### EXERCISE DIRECTIONS
Wherever a picture appears in the listing below, leave it out and reproduce the rest exactly.

### COLLECTED MATERIAL

******

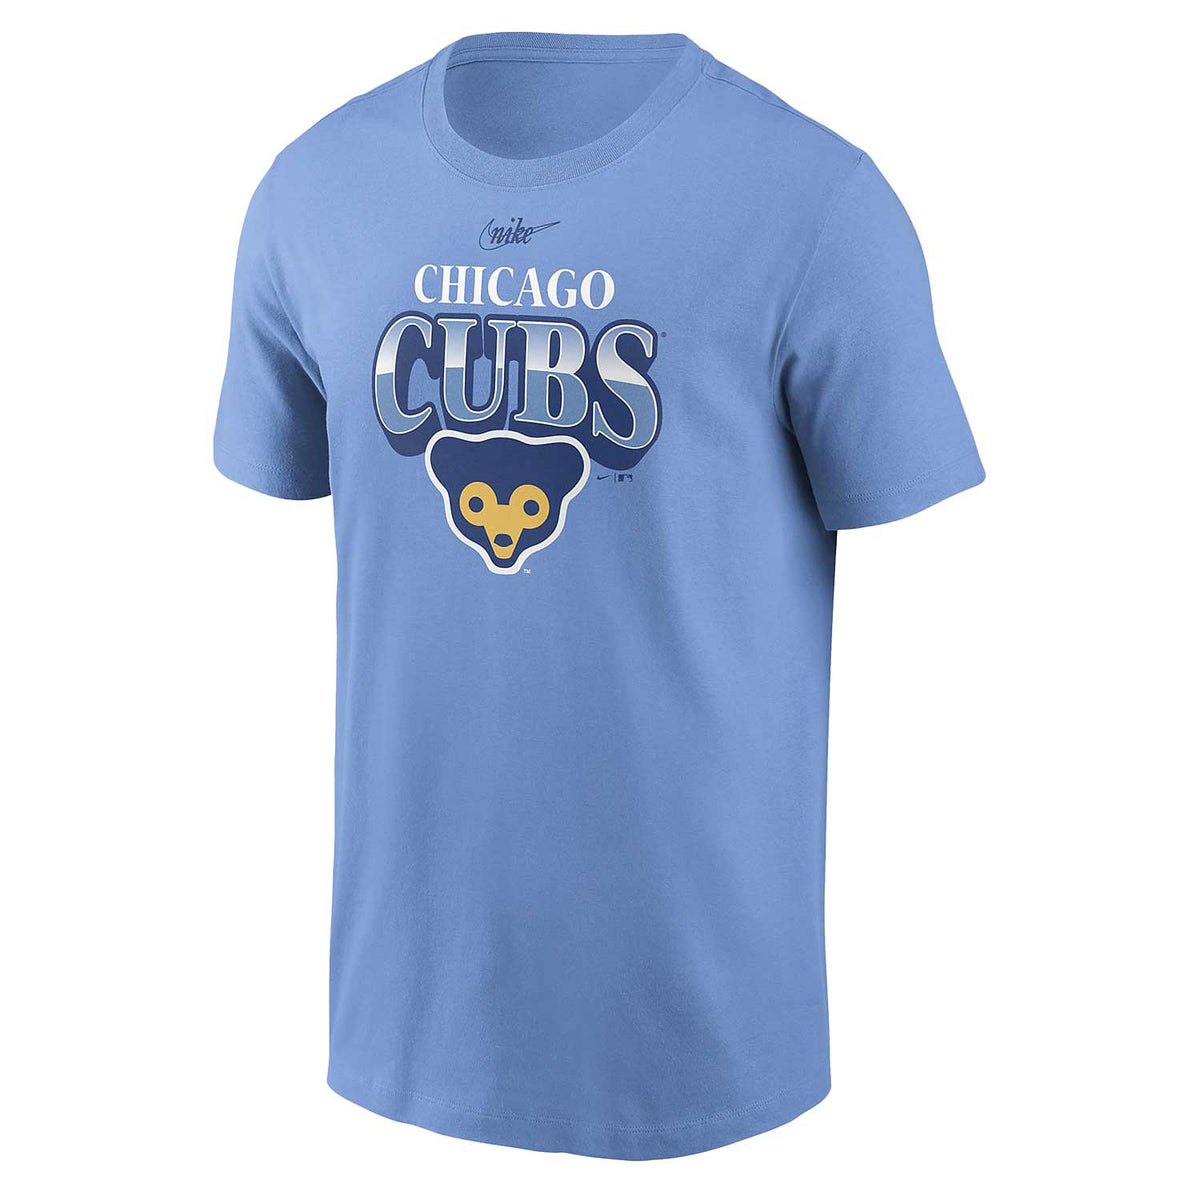 Nike Rewind Retro (MLB Chicago Cubs) Men's T-Shirt.
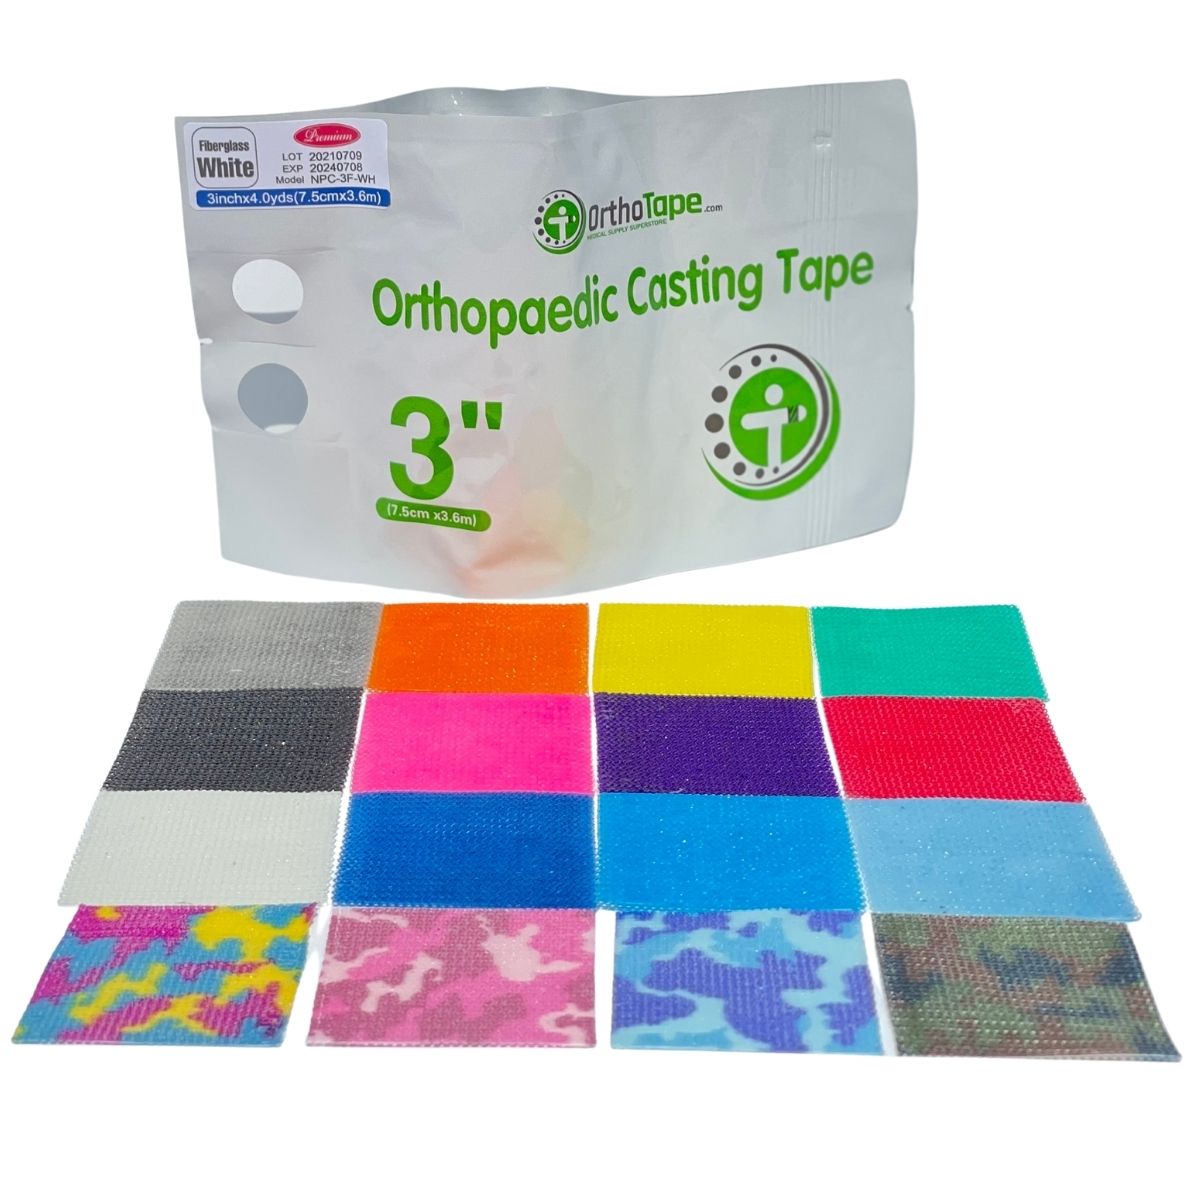 OrthoTape Premium Fiberglass Casting Tape |3 INCH - 1 ROLL |
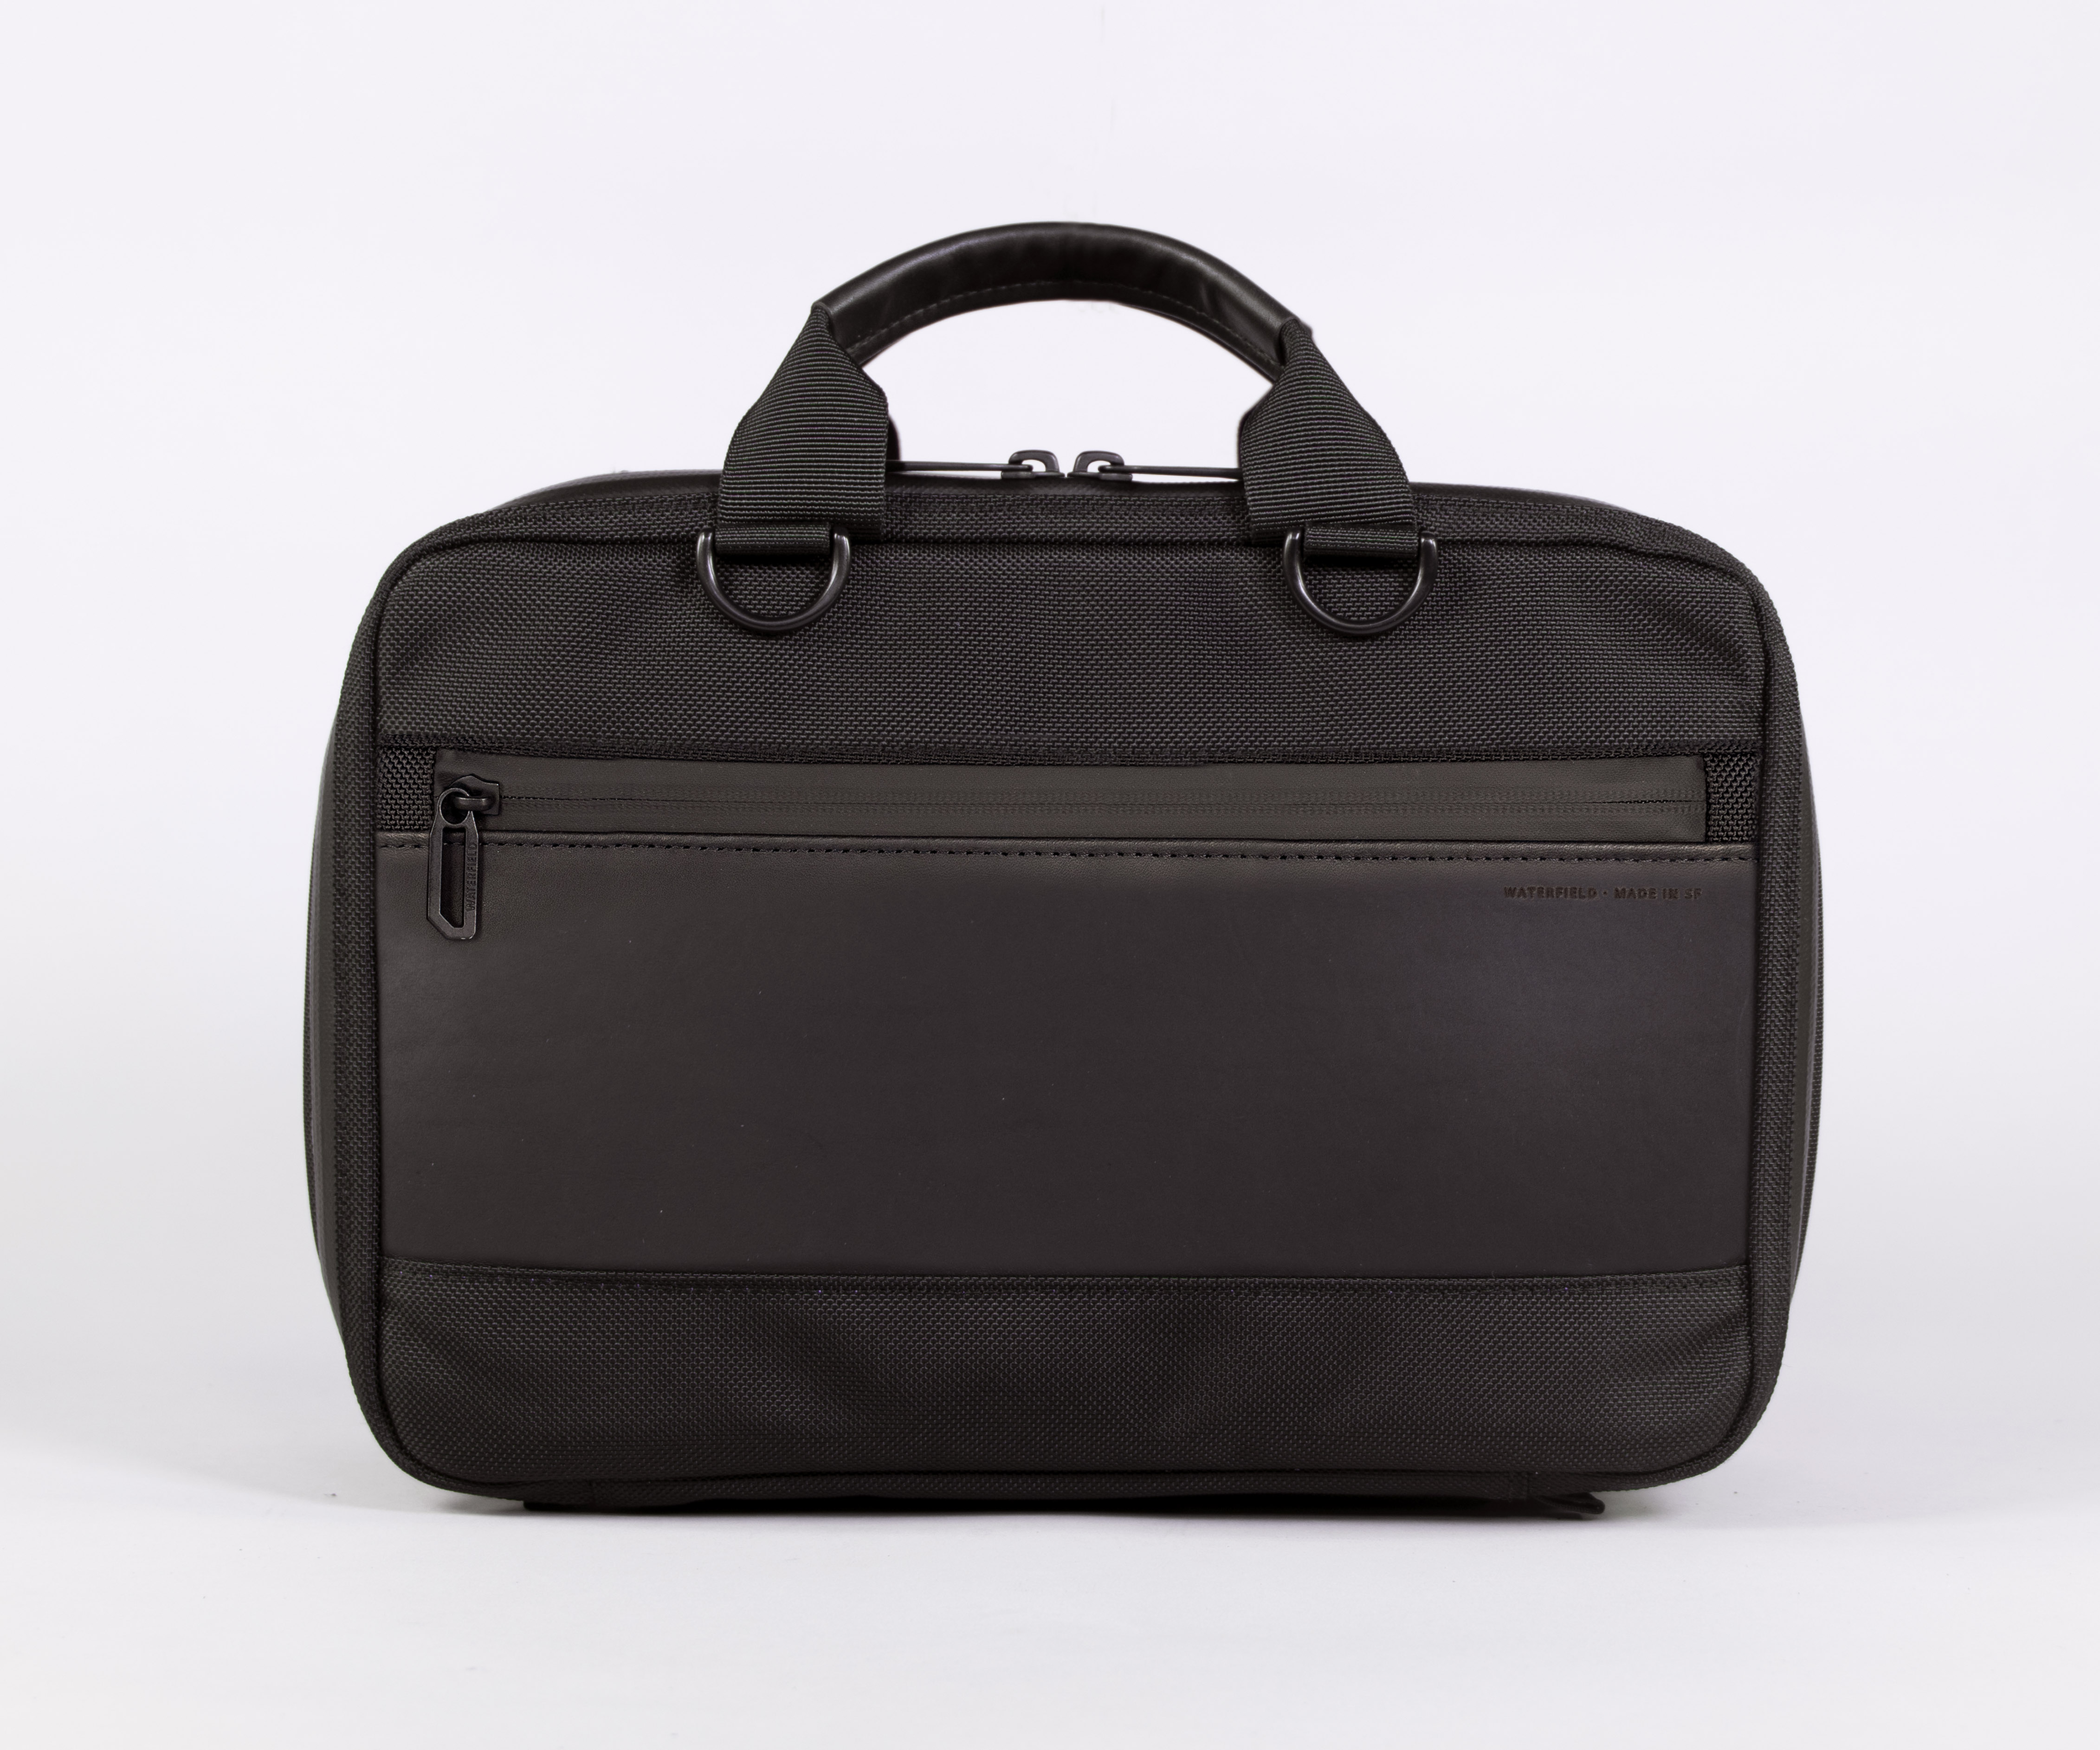 Mac Studio Travel Bag in black ballistic nylon and black full-grain leather

******

### TASK SOLUTION
 Nike Rewind Retro (MLB Chicago Cubs) Men's T-Shirt.
 OrthoTape Premium Fiberglass Casting Tape |3 INCH - 1 ROLL |
 Mac Studio Travel Bag in black ballistic nylon and black full-grain leather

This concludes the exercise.